If you feel he's asking too much, then he is.




deeplove -> RE: punishment...but we havent met (7/17/2012 3:54:18 AM)

Premature and desperate to meet you ....with hidden agenda ....non sense that punished when he never meet before , he blew up ...




DaddysGentleHand -> RE: punishment...but we havent met (8/6/2012 4:39:34 PM)

Punishment is NEVER given unless it is face to face, and only after a relationship is established.

The act of punishing is cruel and less than meaningless if He is not there to soothe and comfort you after.




SpaceSpank -> RE: punishment...but we havent met (8/6/2012 5:21:35 PM)

I think punishment can work online if needed, but it is a tricky thing... but you do not just whip it out after talking for a little bit and expect it to be followed. Online is very difficult to manage and takes a lot of communication. Unless you have talked at length about introducing punishment then he was out of line.

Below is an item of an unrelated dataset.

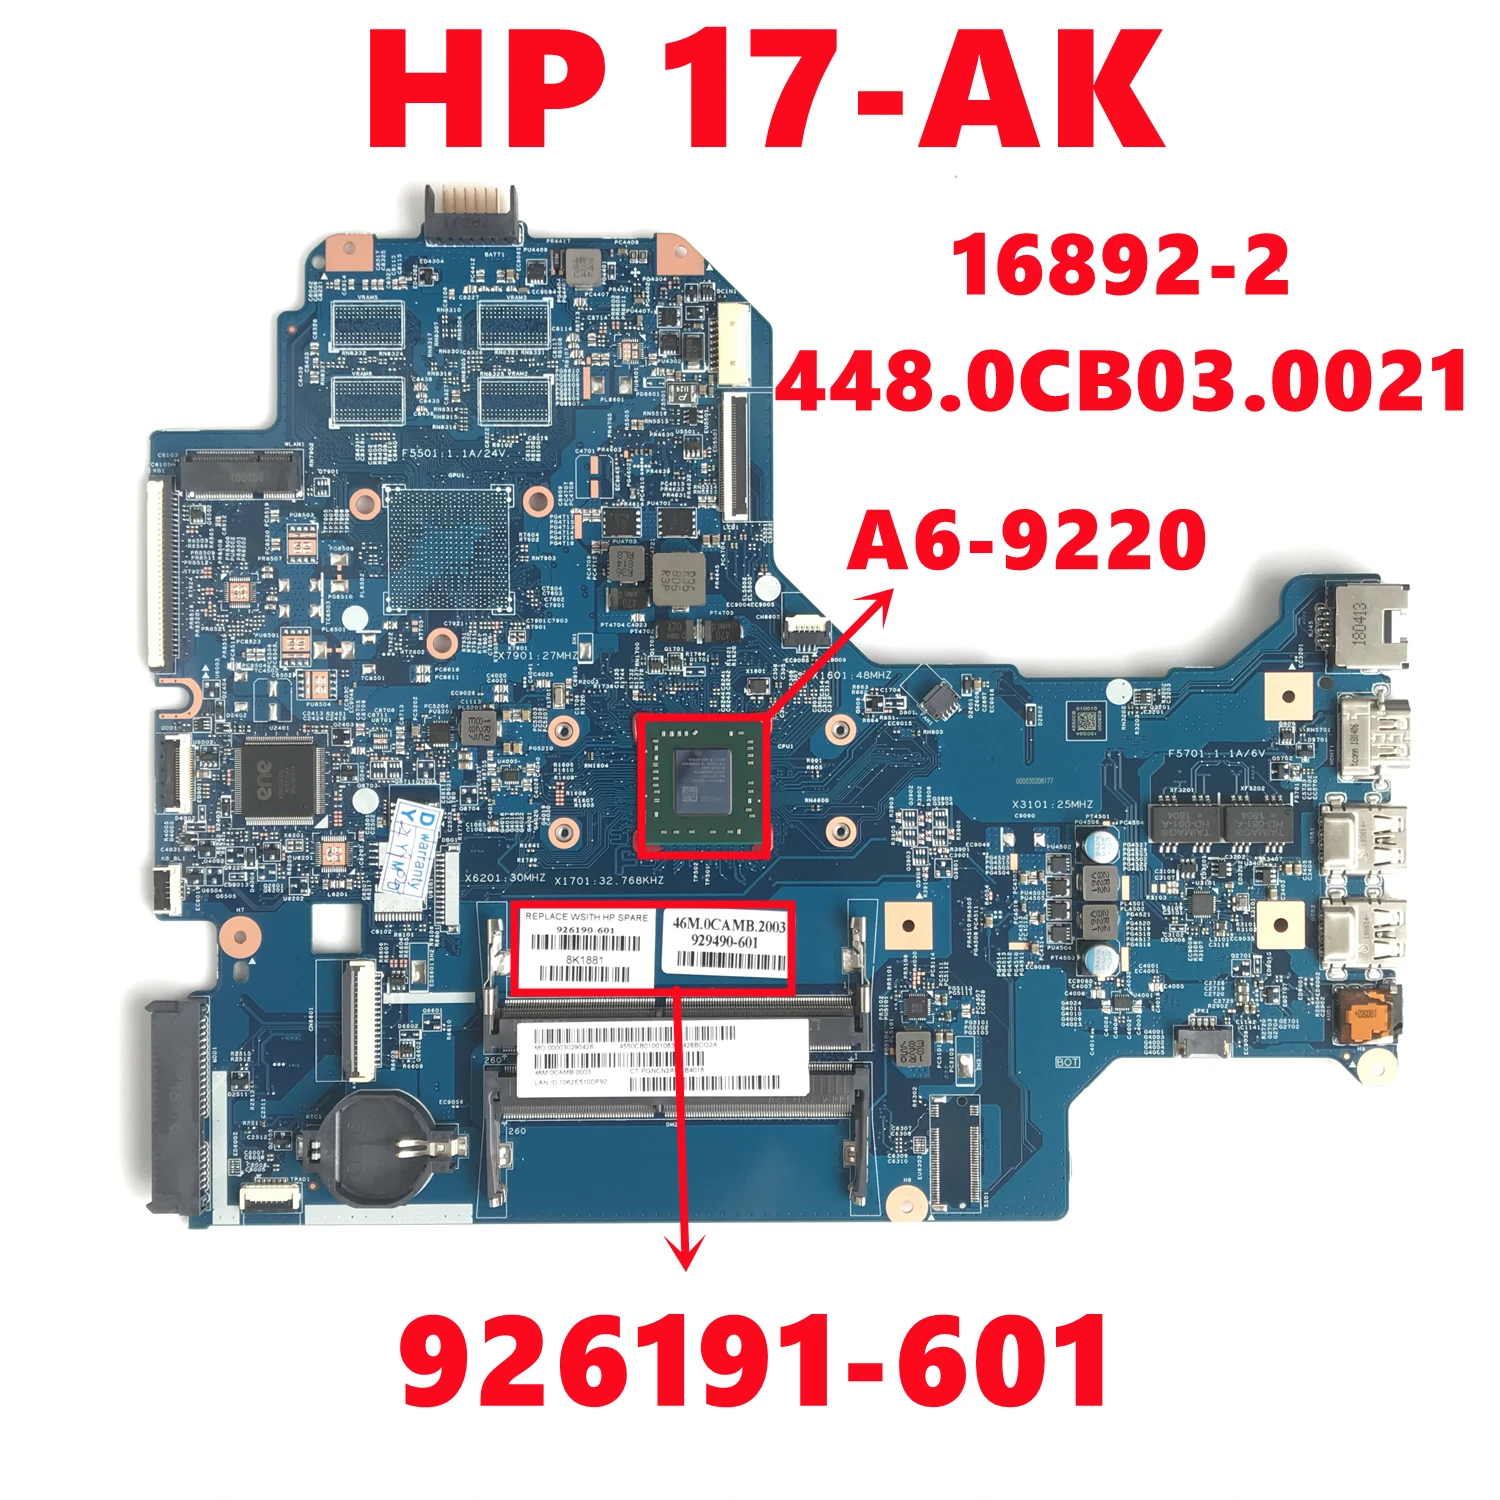 926191-601 926191-501 926191-001 Mainboard For HP 17-AK Laptop Motherboard 16892-2 448.0CB03.0021 With A6-9220 DDR4 100% Test OK

Furthermore, the fact that you still do not feel comfortable opening up to him means you are not at a point where you have a good trusting relationship going. I would say working on that, and other important aspects of your relationship to each other as normal people is far more important than if he gets to hand you out punishments yet.




kalikshama -> RE: punishment...but we havent met (8/7/2012 7:04:26 AM)

quote:

ORIGINAL: deeplove



psst - you're not allowed to show genitalia in your primary picture or avatar.